Trying to understand nn.MultiheadAttention coming from Keras

Hi!

I’m trying to understand the multiheadattention function at pytorch MultiheadAttention — PyTorch 1.8.1 documentation and if I can use it to compute the selfattention as it can be done in the keras implementation MultiHeadAttention layer

With Keras implementation I’m able to run selfattention over a 1D vector the following way:

import tensorflow as tf

layer = tf.keras.layers.MultiHeadAttention(num_heads=2, key_dim=2)
input_tensor = tf.keras.Input(shape=[8, 16])
output_tensor = layer(input_tensor, input_tensor)
print(output_tensor.shape)
(None, 8, 16)

I’ve tried to do the same with the pytorch implementation but couldn’t make it work. Could be because of lacking knowledge of the Transformer implementation.

import torch
import torch.nn as nn
multihead_attn = nn.MultiheadAttention(16, 8)
input_tensor = torch.zeros(8,60)
multihead_attn(input_tensor,input_tensor,input_tensor)

With error

-> 4624     tgt_len, bsz, embed_dim = query.size()
   4625     assert embed_dim == embed_dim_to_check
   4626     # allow MHA to have different sizes for the feature dimension

ValueError: not enough values to unpack (expected 3, got 2)

It seems the keras function does some work under the hood to make it easier for the user and perform self-attention when both Query and Value are similar. Is there a way to do the same with pytorch?

Do you know, what happens under the hood for 1D inputs in Keras?
I guess you could mimic this behavior e.g. by using unsqueeze and/or expand on the input tensors, once you know how 1D tensors should be handled.

Hi, thanks for the reply.

I haven’t found any particular code in the keras call function call, compute_attention that makes some underhood 1d transformation (at least that I can identify). This goes a bit beyond my understanding, I havent been able to find any 1D attention examples.

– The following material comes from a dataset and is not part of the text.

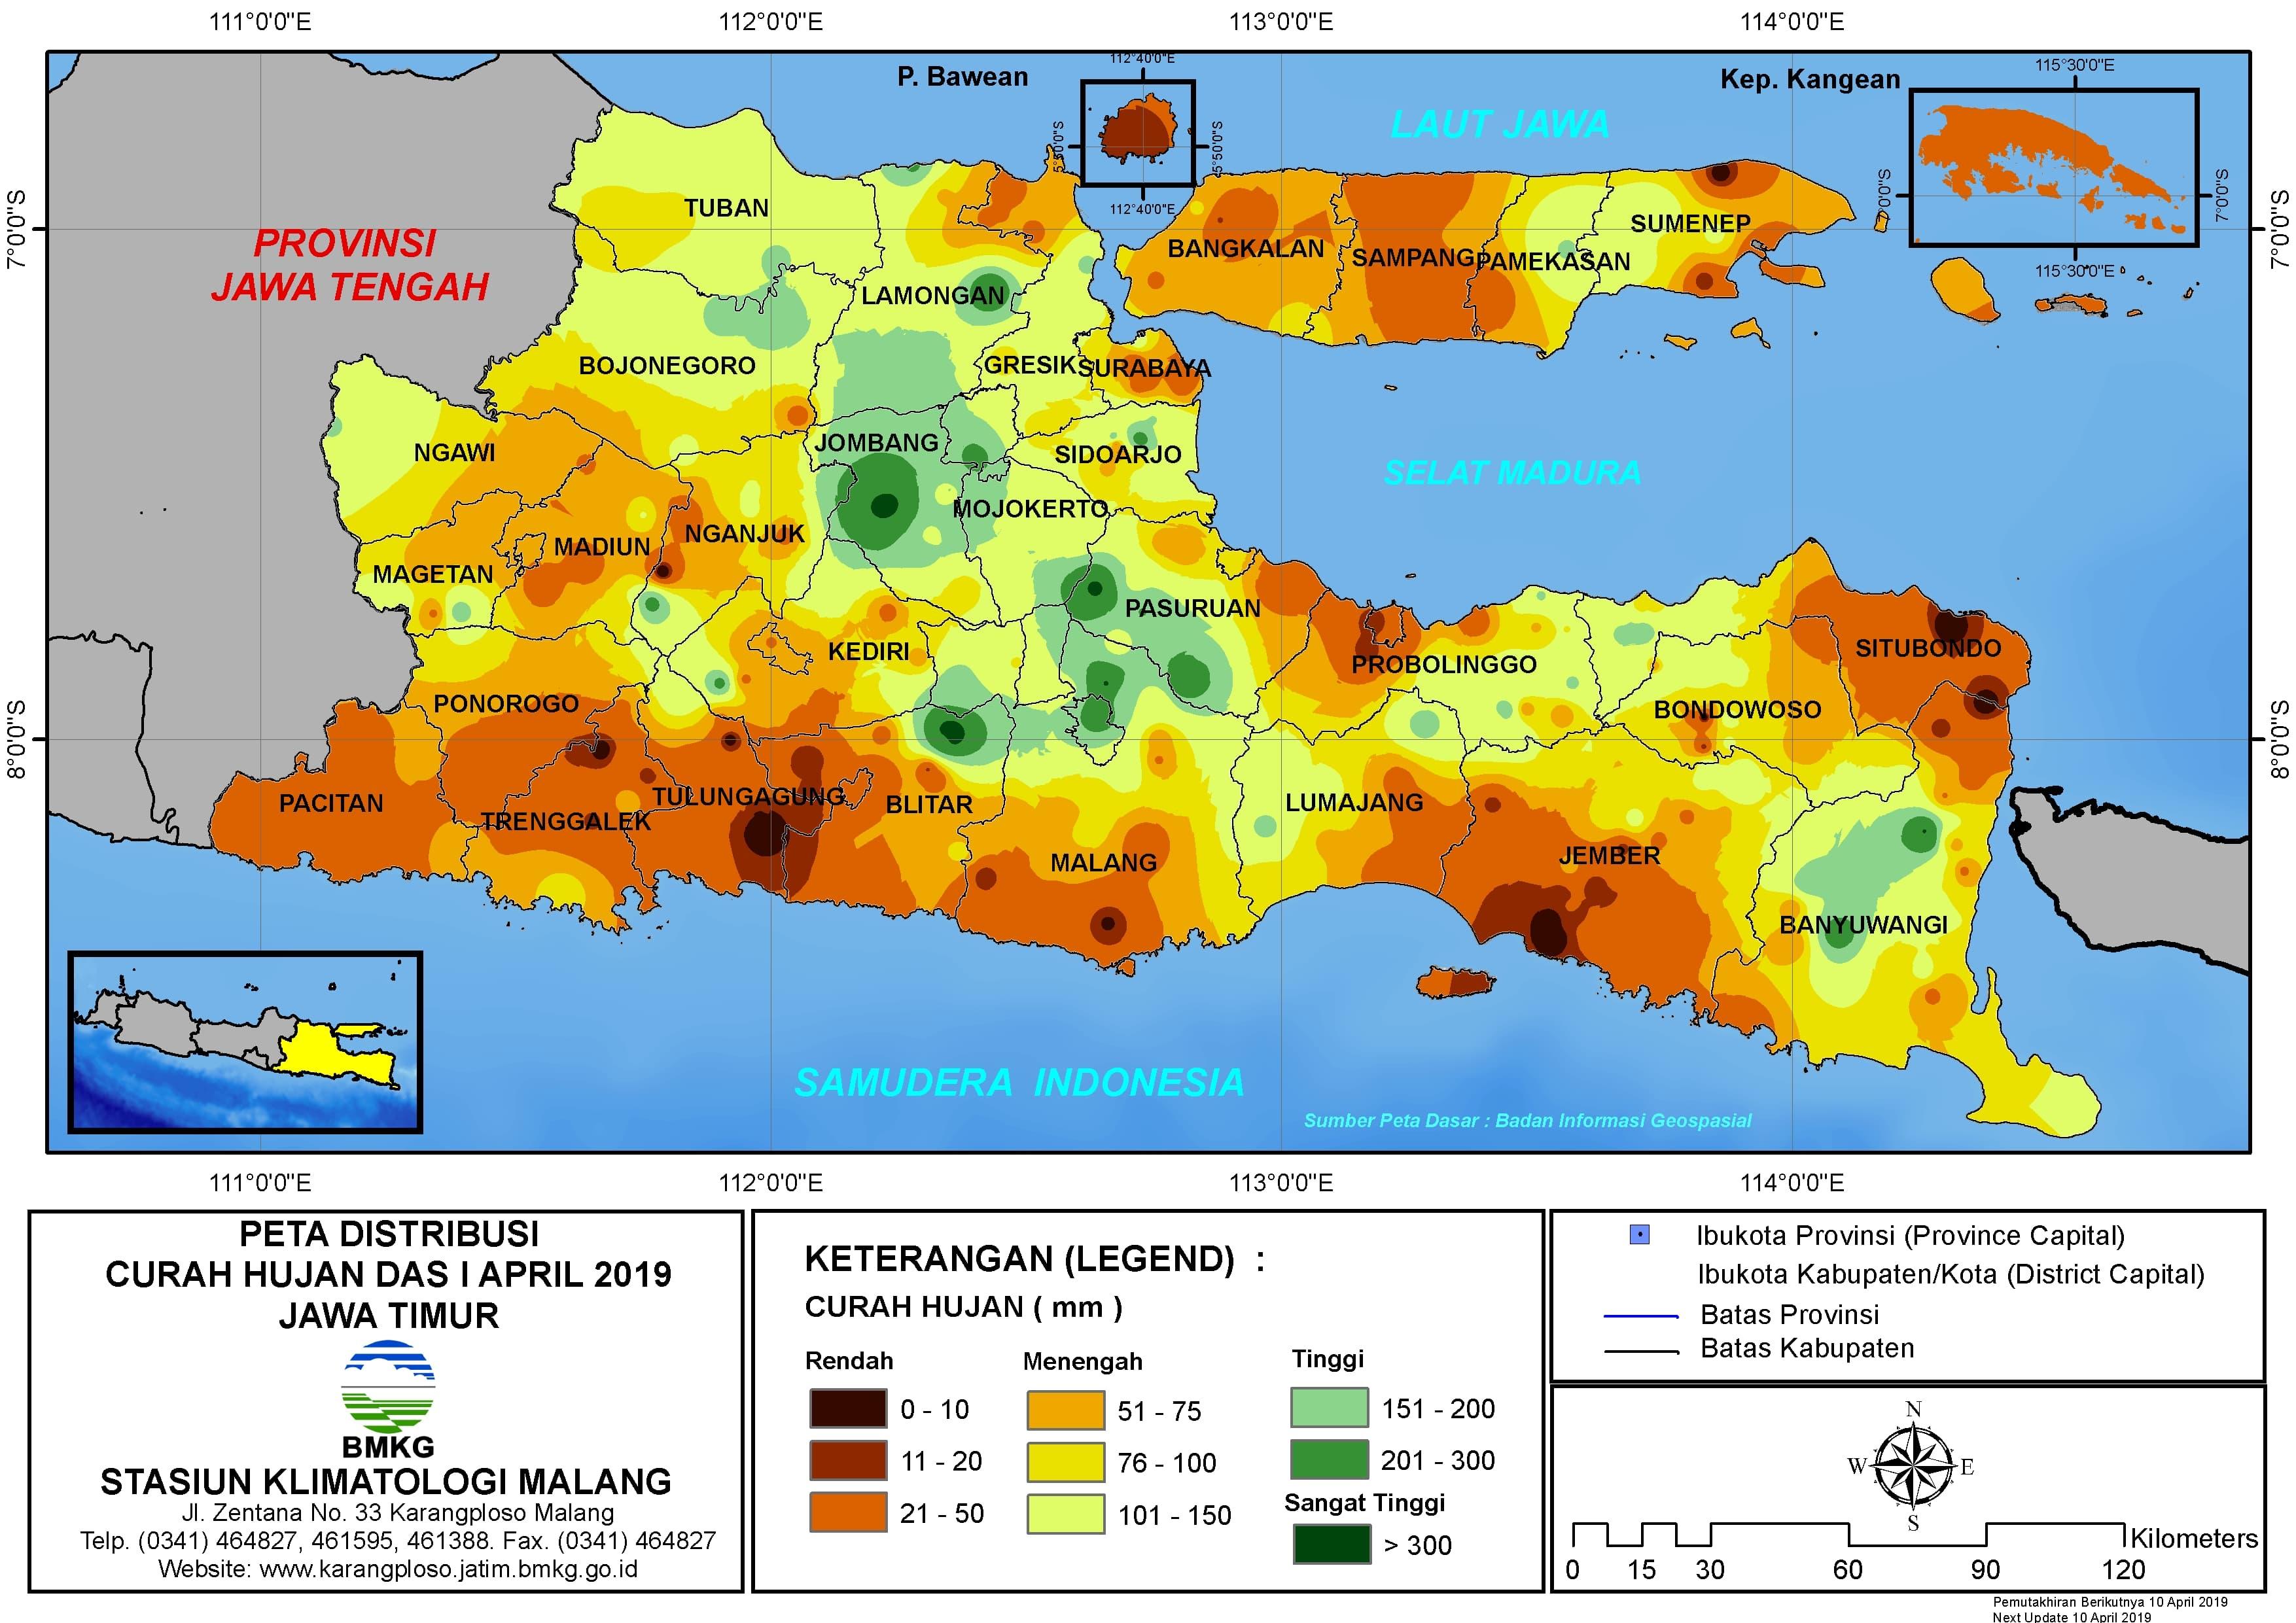 Peta Analisis Distribusi Curah Hujan Dasarian I April 2019 di Provinsi Jawa Timur

Do you know if issues in pytorch repo can be use to ask how to do calculations like this?

I don’t think the GitHub repository is the right place to ask questions about the usage of modules, as it’s intended to create issues in case the framework itself encounters a bug.

For your use case: since you cannot see what Keras is doing in the background, you could try to compare the results between Keras and PyTorch by adding the missing dimensions.
I.e. the PyTorch layer expects e.g. query to have the shape:

query: (L,N,E) where L is the target sequence length, N is the batch size, E is the embedding dimension.

Based on this one dimension is missing in your input (could it be the batch dimension?).
If so, use input_tensor = input_tensor.unsqueeze(1) and pass it to the module.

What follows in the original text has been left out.